Perhaps for my mid-morning snack I should just settle for a yoghurt. After all, yoghurt has been made and eaten for centuries and has always been deemed a healthy, nutritious food.
And in its pure and unadulterated form, it certainly is.
But the problem with shop-bought yoghurt is that so many of those on the shelves are highly processed and filled with all sorts of nasties. Ironically, the supposedly healthy low-fat and fat-free versions are the worst offenders.
When you remove the fat from yoghurt, it tastes like wallpaper paste. So, to make it palatable, food manufacturers fill low-fat yoghurts with sugar, artificial sweeteners and corn syrup. They remove the fat and replace it with something that is far worse and will, ultimately, do the body more harm.
As snack foods go, I’m far better off with a piece of fruit and a small handful of nuts and seeds. Or a bowl of carrot, cucumber and celery sticks with some homemade guacamole – made with fresh avocados, tomatoes and a little chilli and coriander – to dip ‘em in.
And if I’m going to have a yoghurt, I’ll make sure it’s a totally natural yoghurt with nothing added to it but a pot and a lid.
If the need for chocolate is so overpowering that I just can’t resist, as so often happens, a small bar of good-quality plain chocolate with a high cocoa content won’t land me in too much trouble with the diet police.

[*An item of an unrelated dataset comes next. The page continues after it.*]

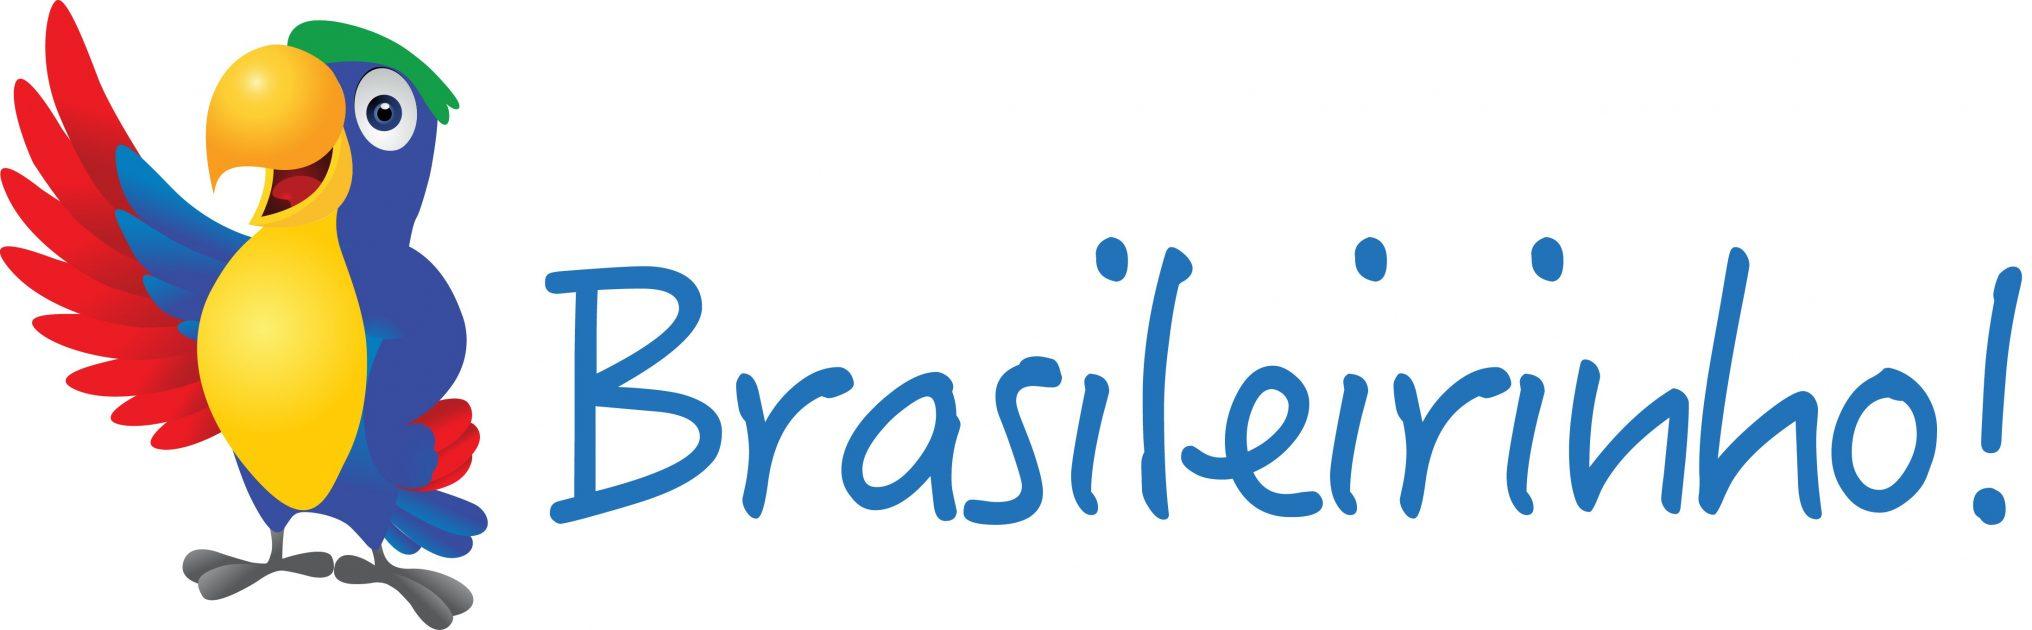 Brasileirinho anuncia nova plataforma de Website

Moving onto lunch, the healthiest option, of course, is going to be a salad. Vegetables are great, full of vitamins, nutrients, antioxidants, soluble fibre and all sorts of beneficial goodies. But they can be a little bit bland on their own and need livening up.

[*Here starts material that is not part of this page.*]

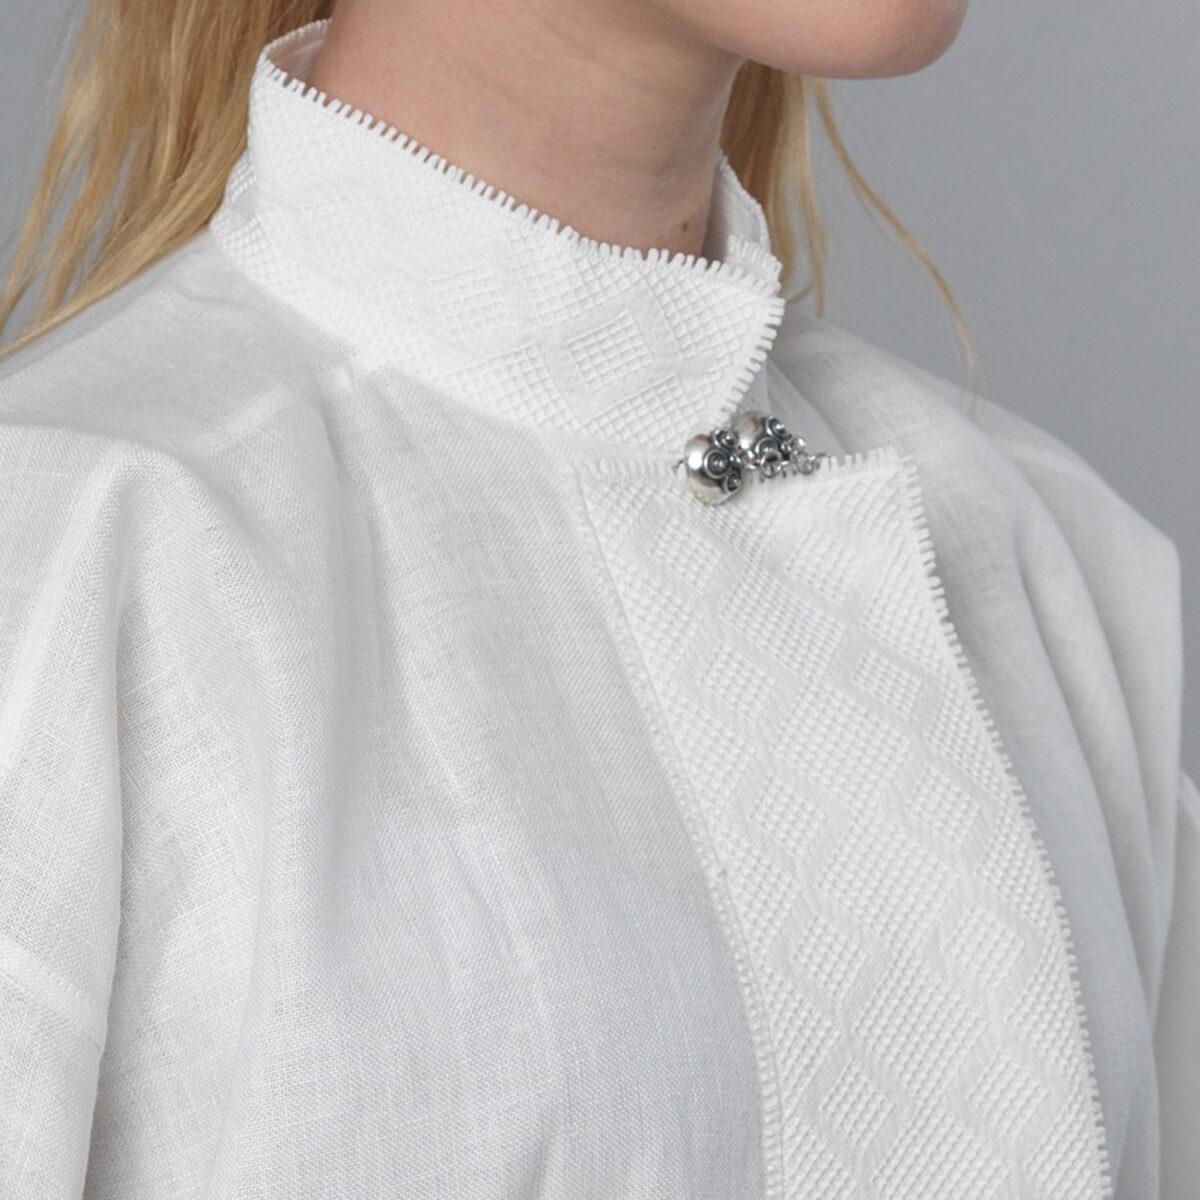 Vasshus linskjorte-0

Most commercially produced dressings and sauces, however, even the low-fat and low-calorie ones, are full of sugar, soybean oil and high-fructose corn syrup. I’m much better off making my own salad dressing with some olive oil and vinegar (and a few fresh herbs and spices if I’m feeling particularly creative).

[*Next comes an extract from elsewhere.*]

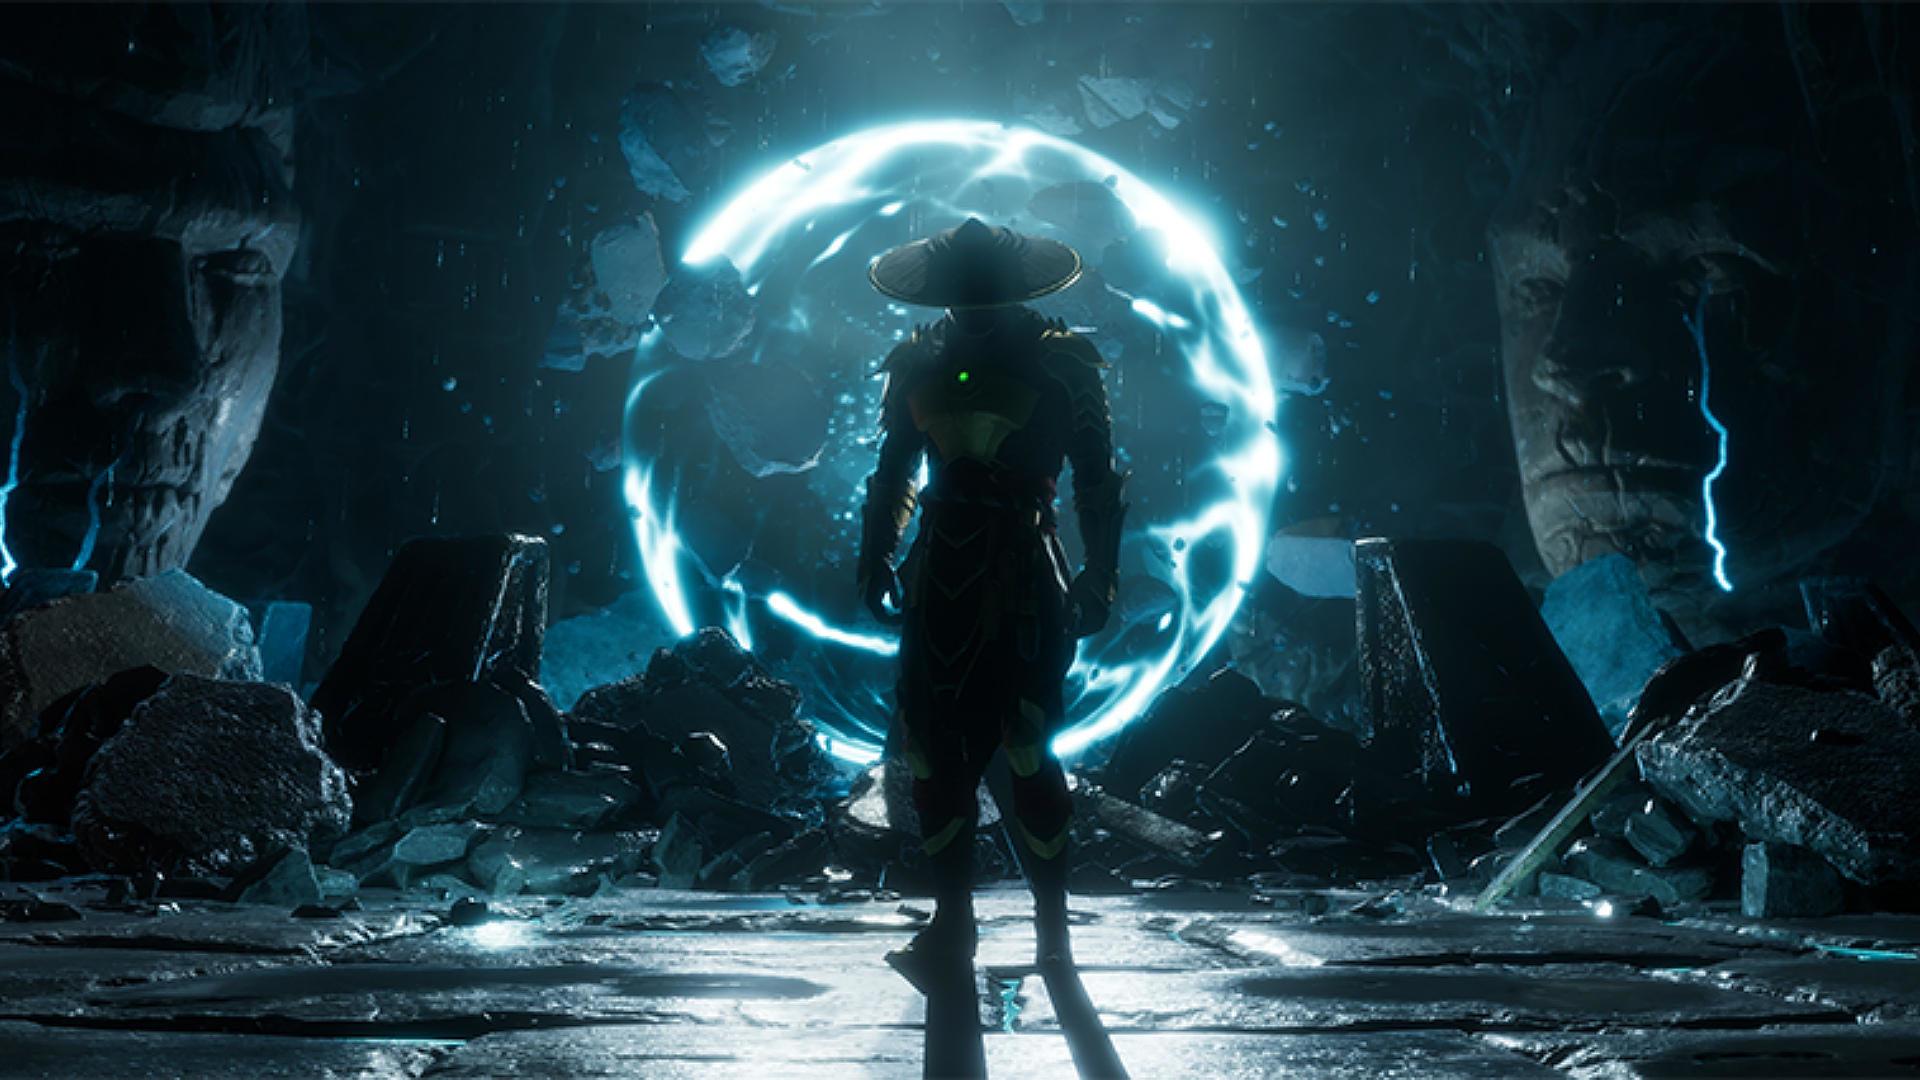 Mortal Kombat   Filme +18 do Scorpion ganha primeiro trailer

While it may contain a few more calories and have a higher fat content, olive oil is a ‘good’ fat, has a variety of health benefits and, taken in moderation, can lower cholesterol and reduce the risk of heart disease.
A big part of a more healthy diet is making sure the body has plenty of fluid. But I’m steering clear of the vitamin water which has become popular recently. I may as well take a multi-vitamin tablet with a tablespoon of sugar.
Most so-called vitamin waters or similar drinks are essentially just sugary water with a few chemically produced vitamins thrown in. It is highly unlikely that vitamins taken like this will have any health benefit whatsoever – that will depend entirely on a variety of factors concerning the health and the diet of the individual.
Certainly, without any doubt, no supplement can match the nutrients and vitamins contained in whole foods. So I’ll just pour myself a glass of water. It’s the best way to keep the body hydrated, it won’t rot my teeth, it’s calorie-free… and there is always plenty of it in the tap.
My attempt to eat a healthier diet and pay more attention to nutrition means that I now have to be far more vigilant in the supermarket. I must be wary of enticing claims and empty words and, if in doubt, I scrutinise the ingredients. It is worth it.
You are what eat so, if you eat a lot of rubbish… well, you get the picture!